Carl Sagan
The Beauty of So Many Stars…
To misquote Carl Sagan, there are billions and billions of stars out there. Looking up at the sky, we can see them painted across our sky, millions of visible pinpoints of light that show us an infinitesimal piece of the universe’s beauty and fill us with awe.
Each star itself is something beautiful, each with its own story. Each shines out with its own light, some steadily, some barely, some blowing themselves up. Some we can’t see, because they’ve become monstrous gravity wells that tests the physical laws of our universe. Some create beams so intense they can kill even here on earth.
Despite there being so many, we consider each one uniquely beautiful and poignant.
There are billions of stars, and billions of people.
Why should we believe the uniqueness and beauty of each person to be any different than that we hold for the stars?
We are like butterflies who flutter for a day and think it is forever. — Carl Sagan
Whenever I see butterflies, it’s always on similar days, in similar circumstances.
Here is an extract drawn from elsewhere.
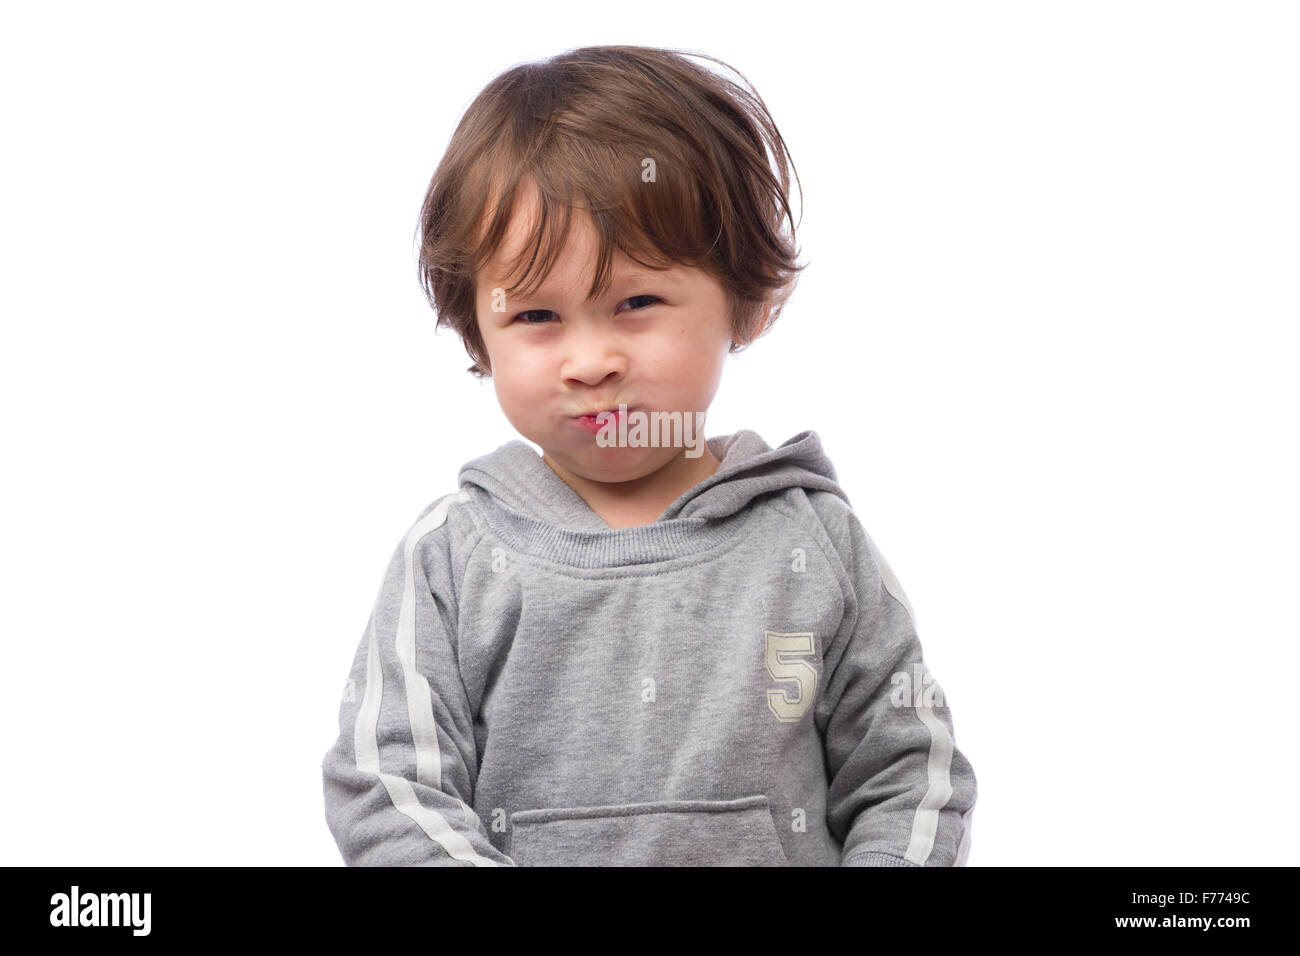 A cute 3 year old boy with an angry expression on a white background. Stock Photo
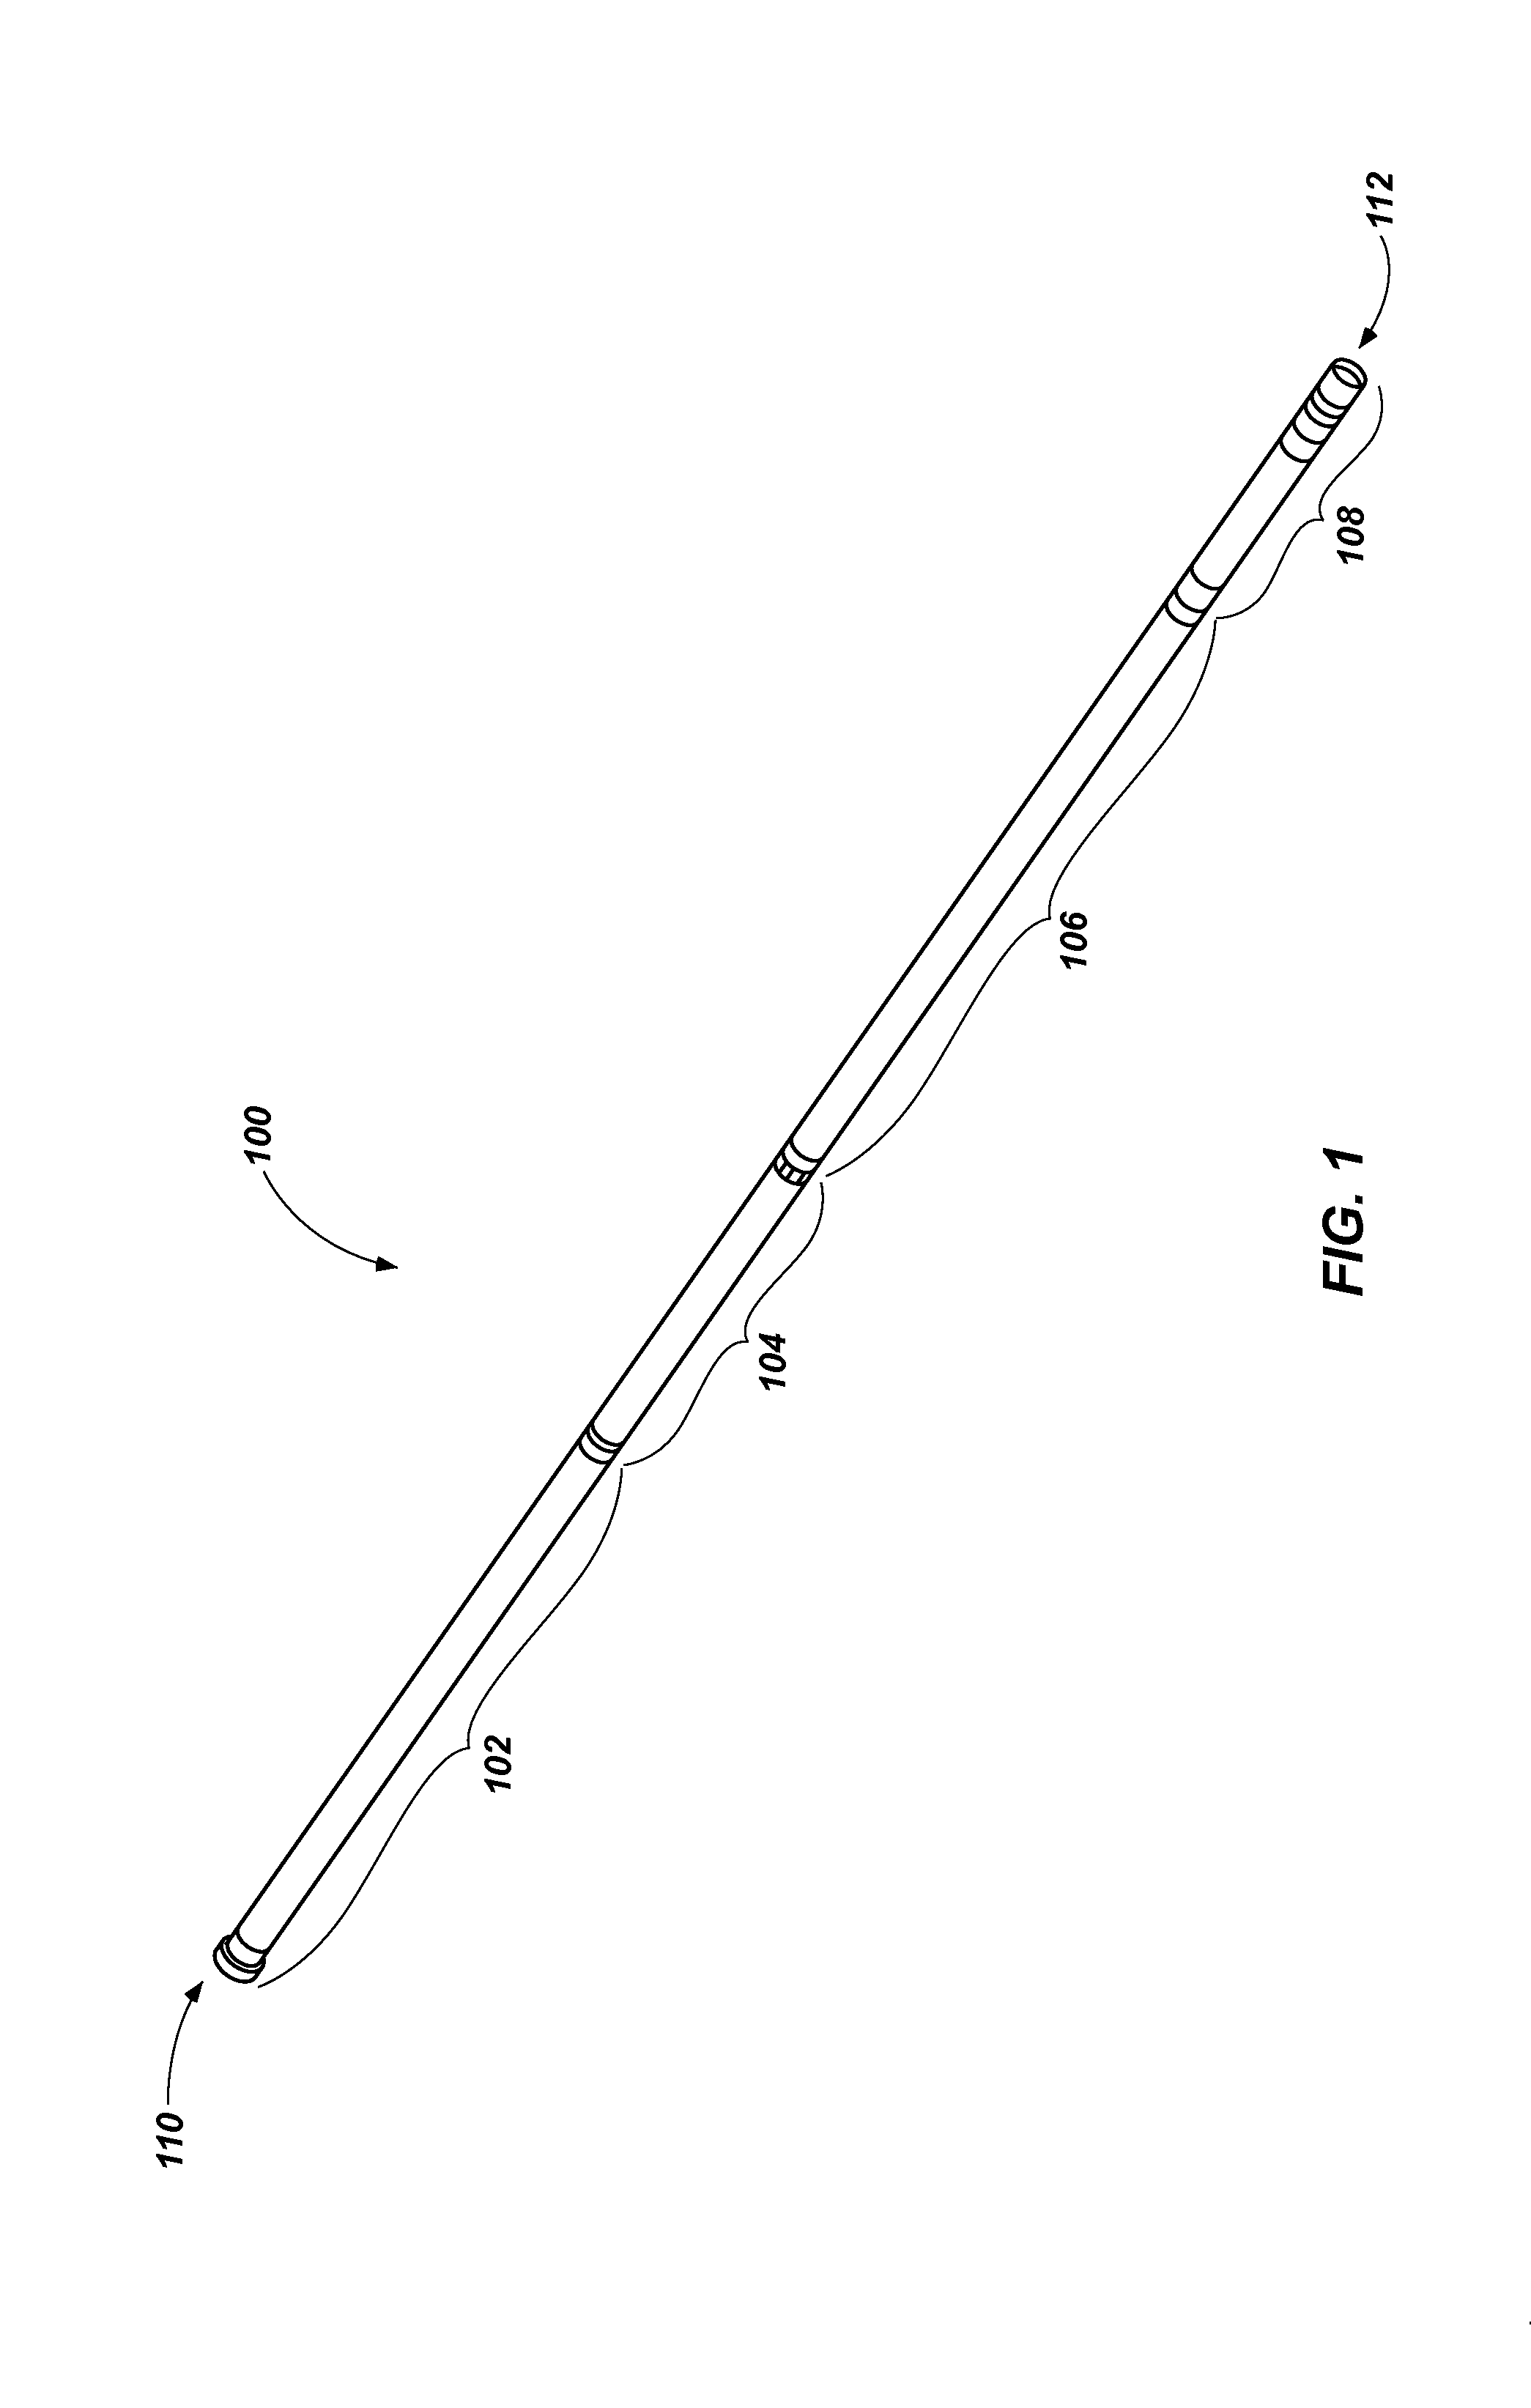 Wellbore tools with non-hydrocarbon-based greases and methods of making such wellbore tools

Fluttering on a flower, flapping lightly through a clear blue sky that’s not too hot, not too cold. Every spring, millions of butterflies fly all over the world, to live for one day, then to die away.
Each day a butterfly sees is unique. And yet, the billions of springs that our planet has spun through…the fact that a butterfly was able to experience only briefly a small part of the continuum of the seasons…
They’ve had the chance to taste briefly the bittersweetness of forever.